### EXERCISE REQUIREMENTS
The data that follows must be transcribed in full and exactly, minus the pictures.

### SOURCE DATA
────────────────────

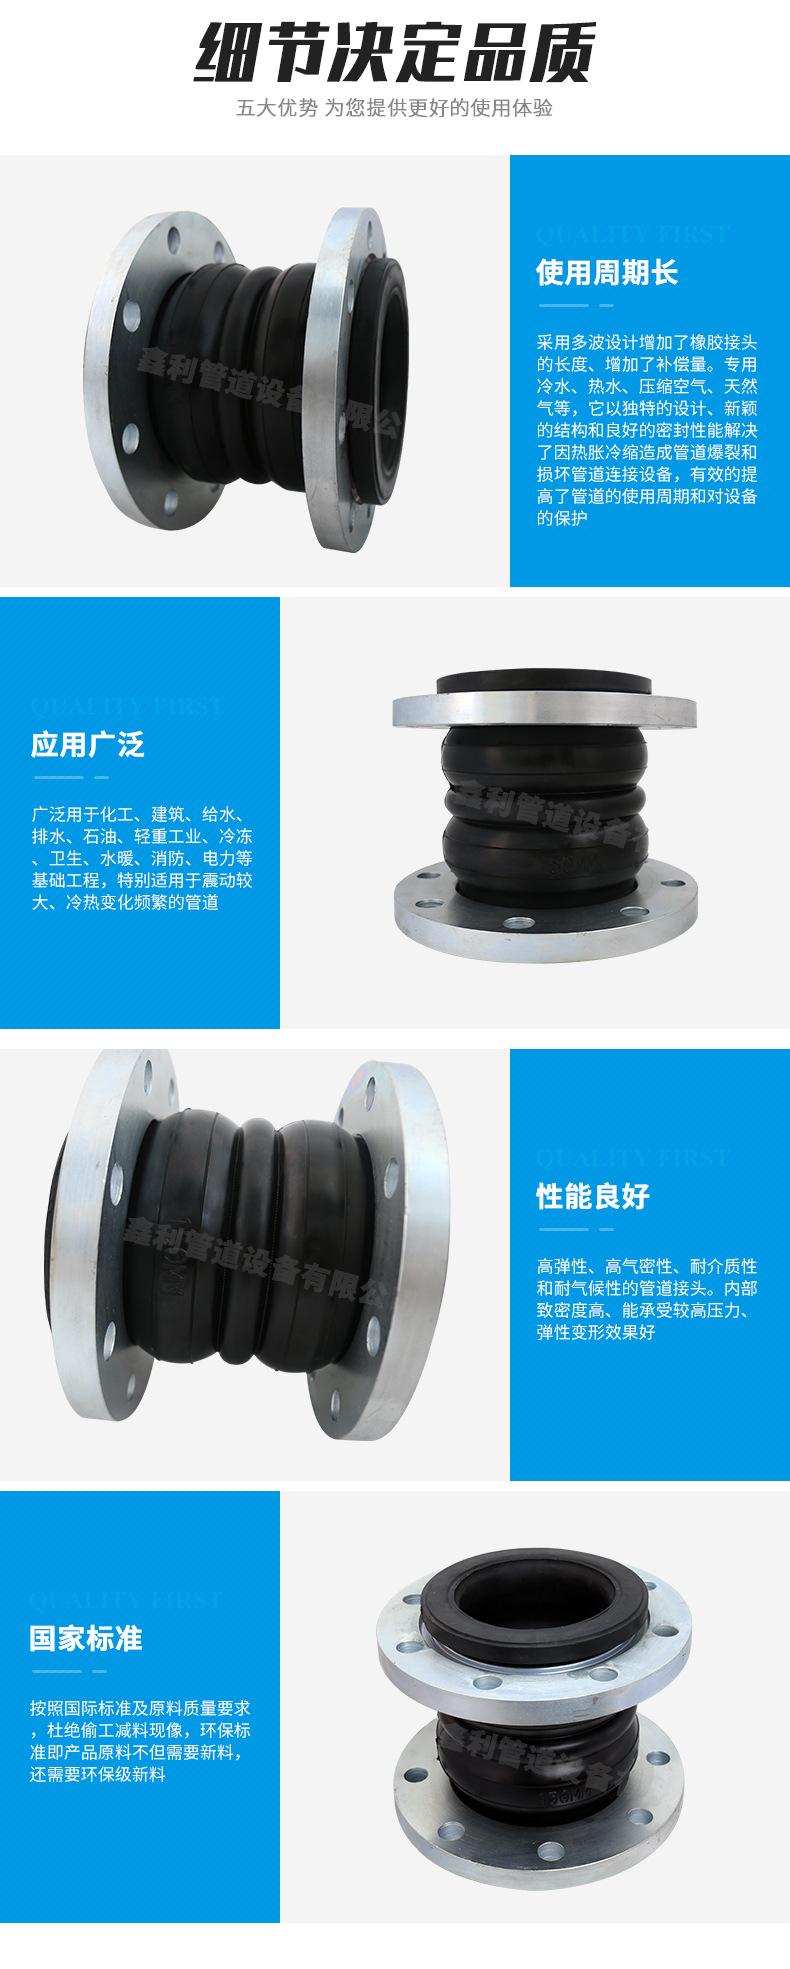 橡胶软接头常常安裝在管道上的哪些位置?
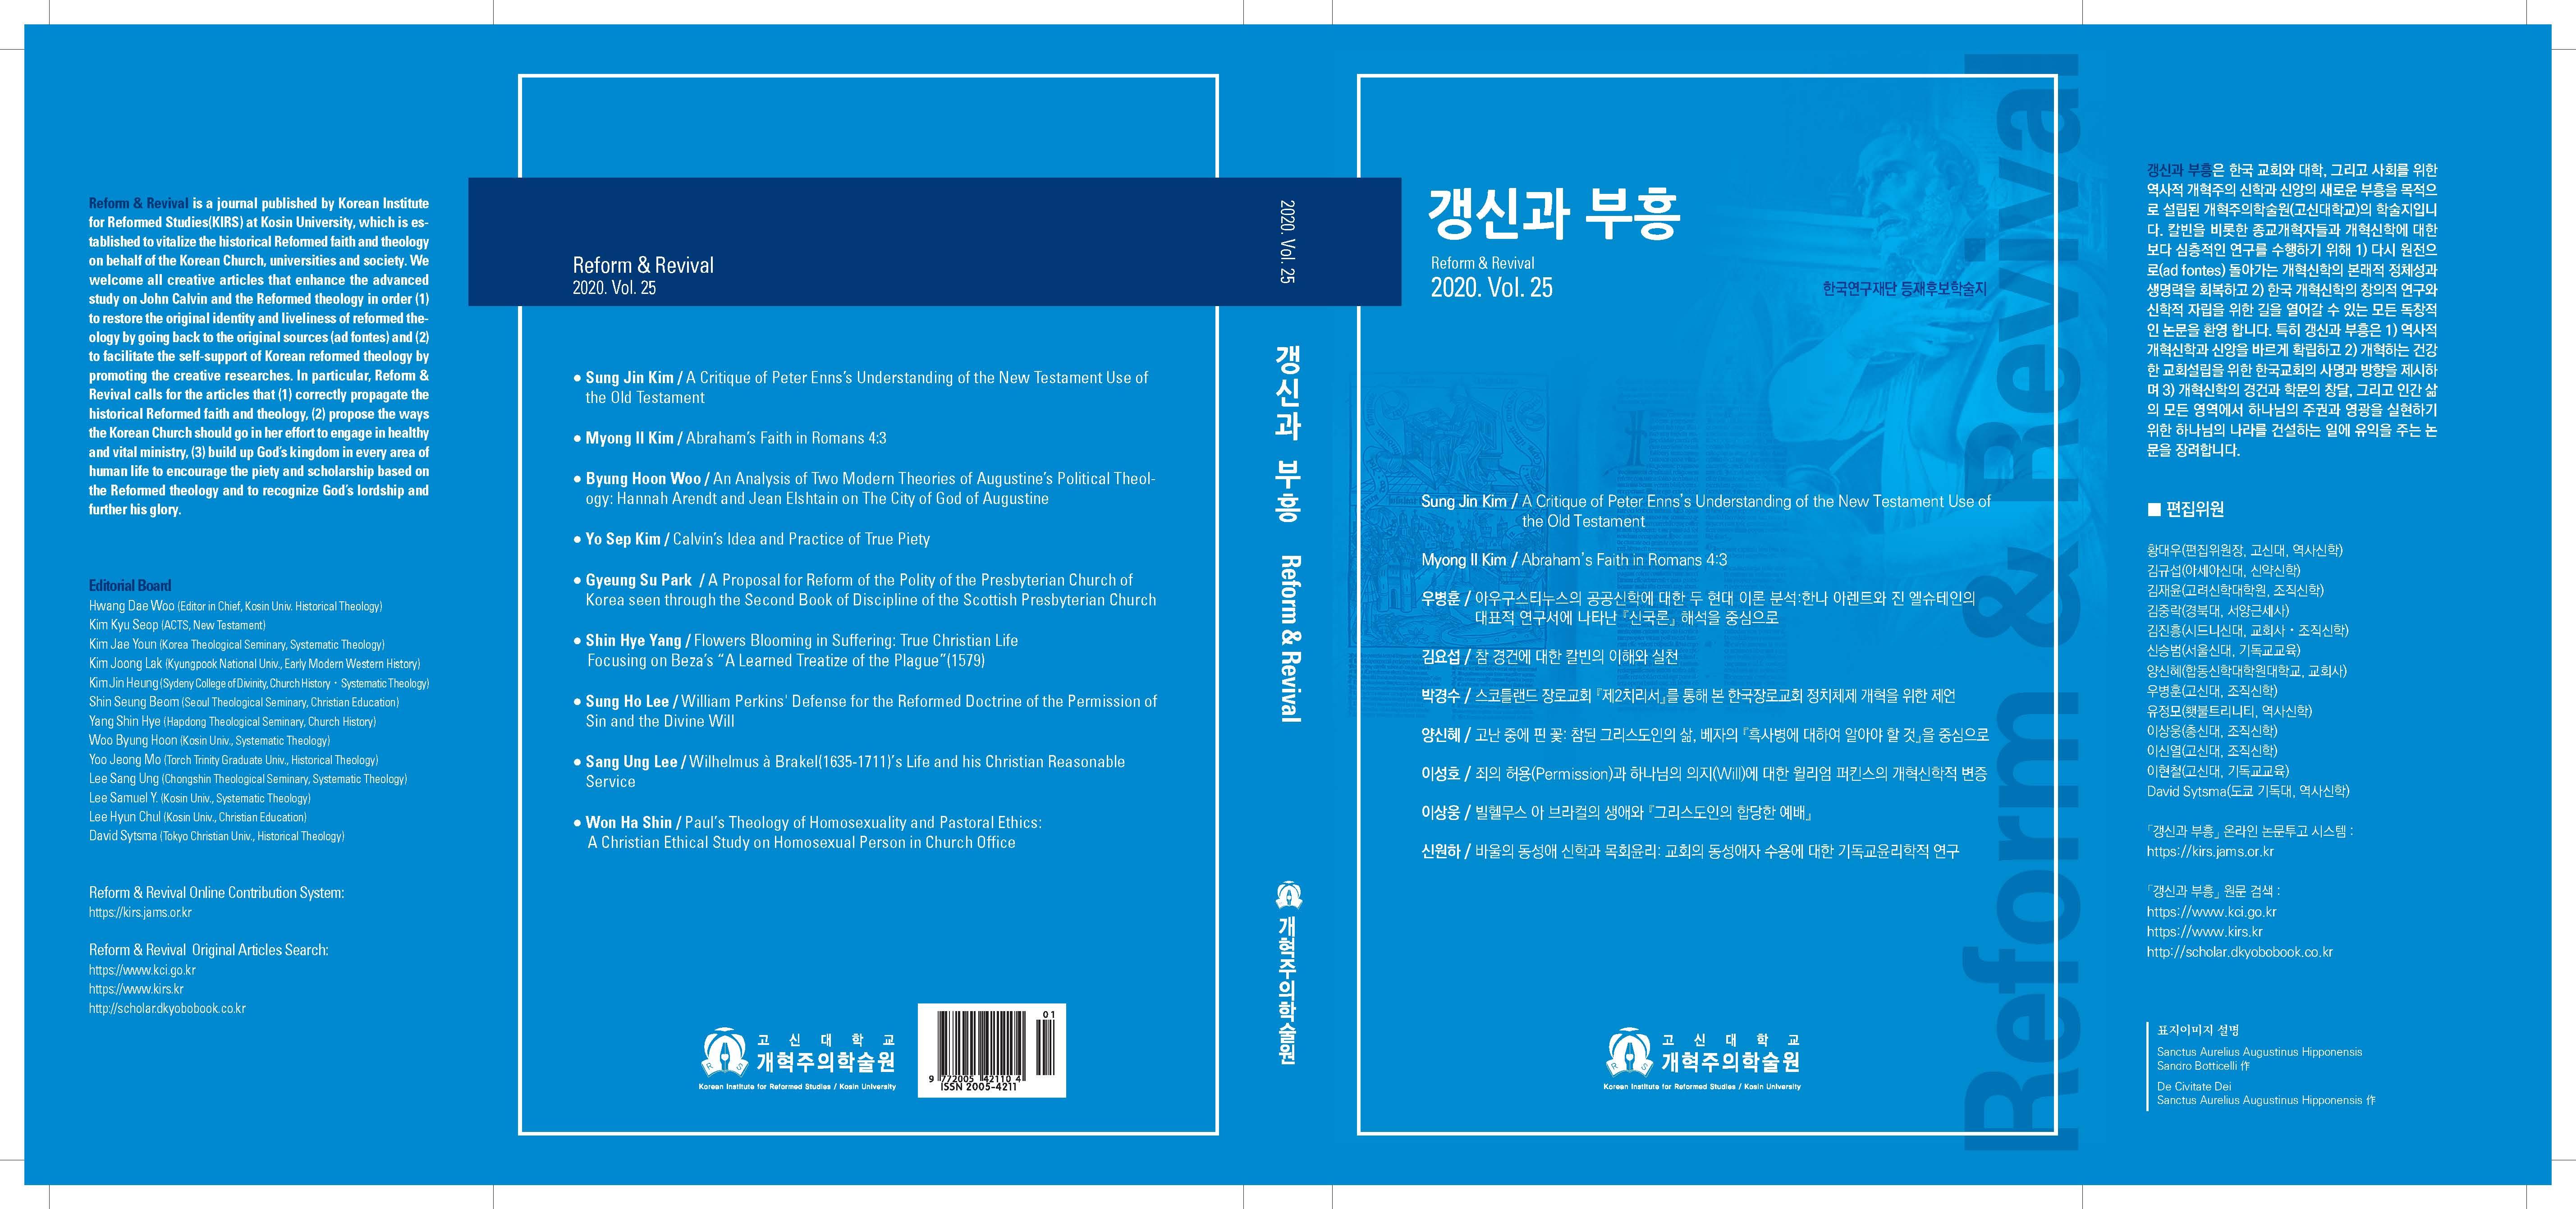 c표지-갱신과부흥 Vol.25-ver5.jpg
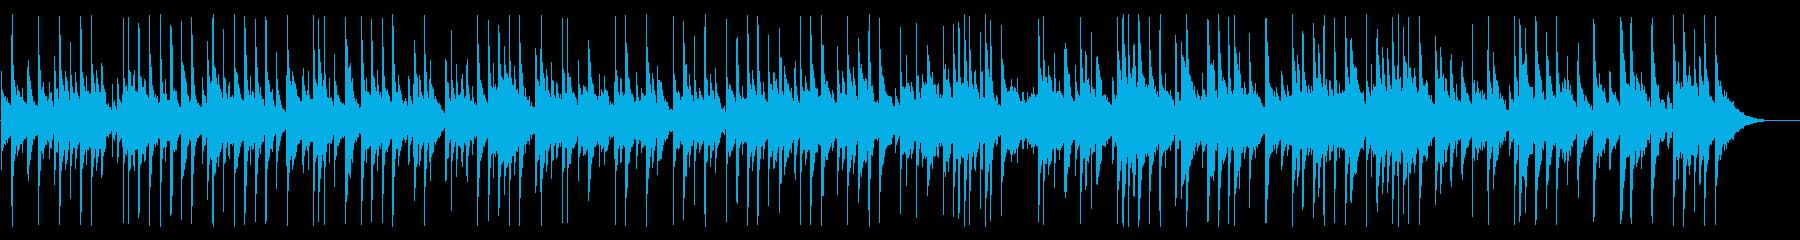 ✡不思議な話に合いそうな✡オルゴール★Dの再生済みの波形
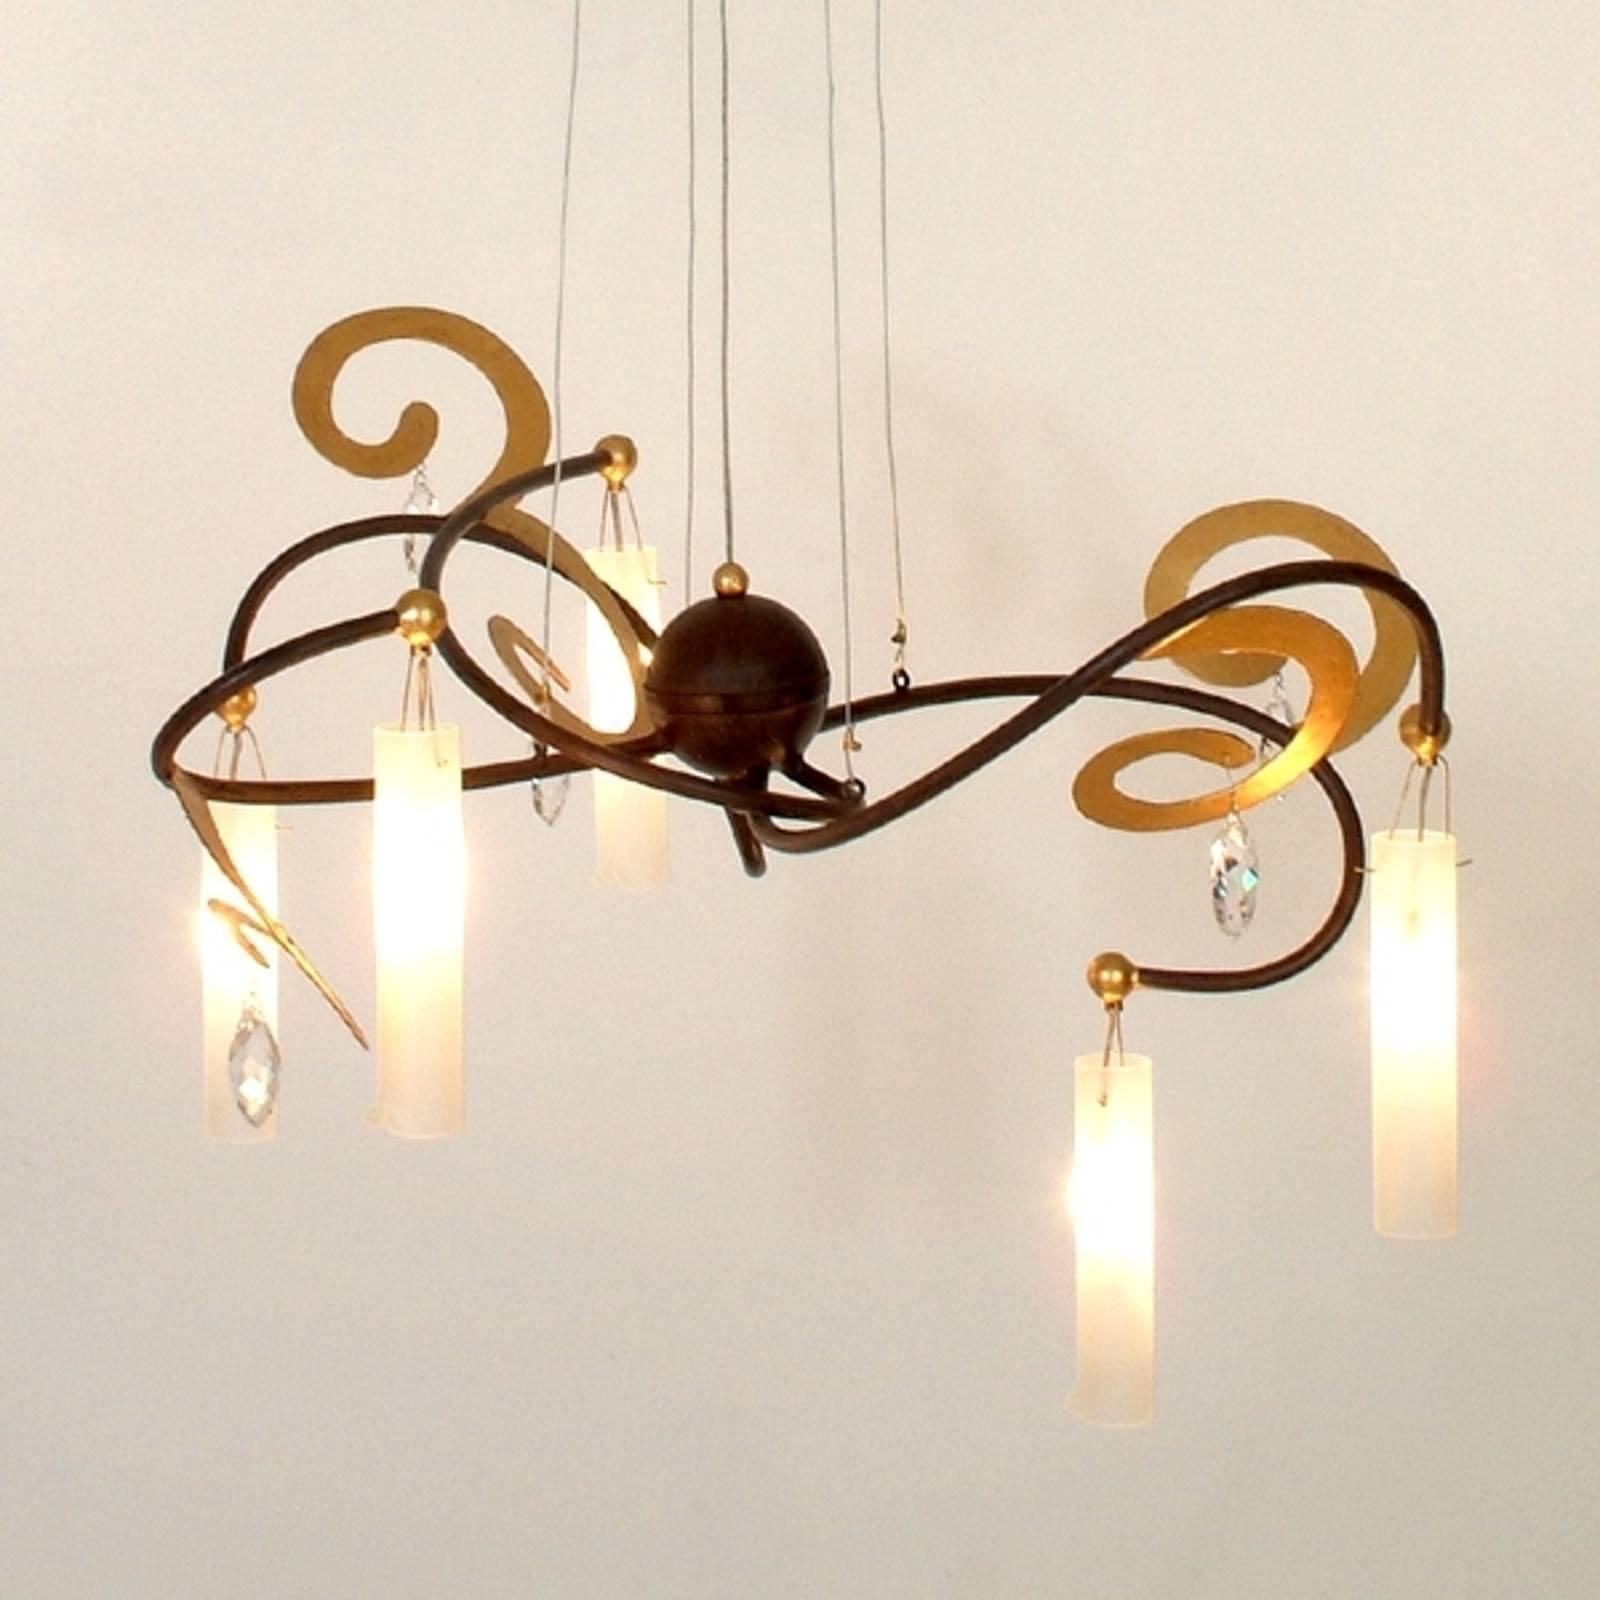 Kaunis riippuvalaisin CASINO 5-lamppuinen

────────────────────

### OUTPUT OF THE TASK
 橡胶软接头常常安裝在管道上的哪些位置?
 c표지-갱신과부흥 Vol.25-ver5.jpg
 ✡不思議な話に合いそうな✡オルゴール★Dの再生済みの波形
 Kaunis riippuvalaisin CASINO 5-lamppuinen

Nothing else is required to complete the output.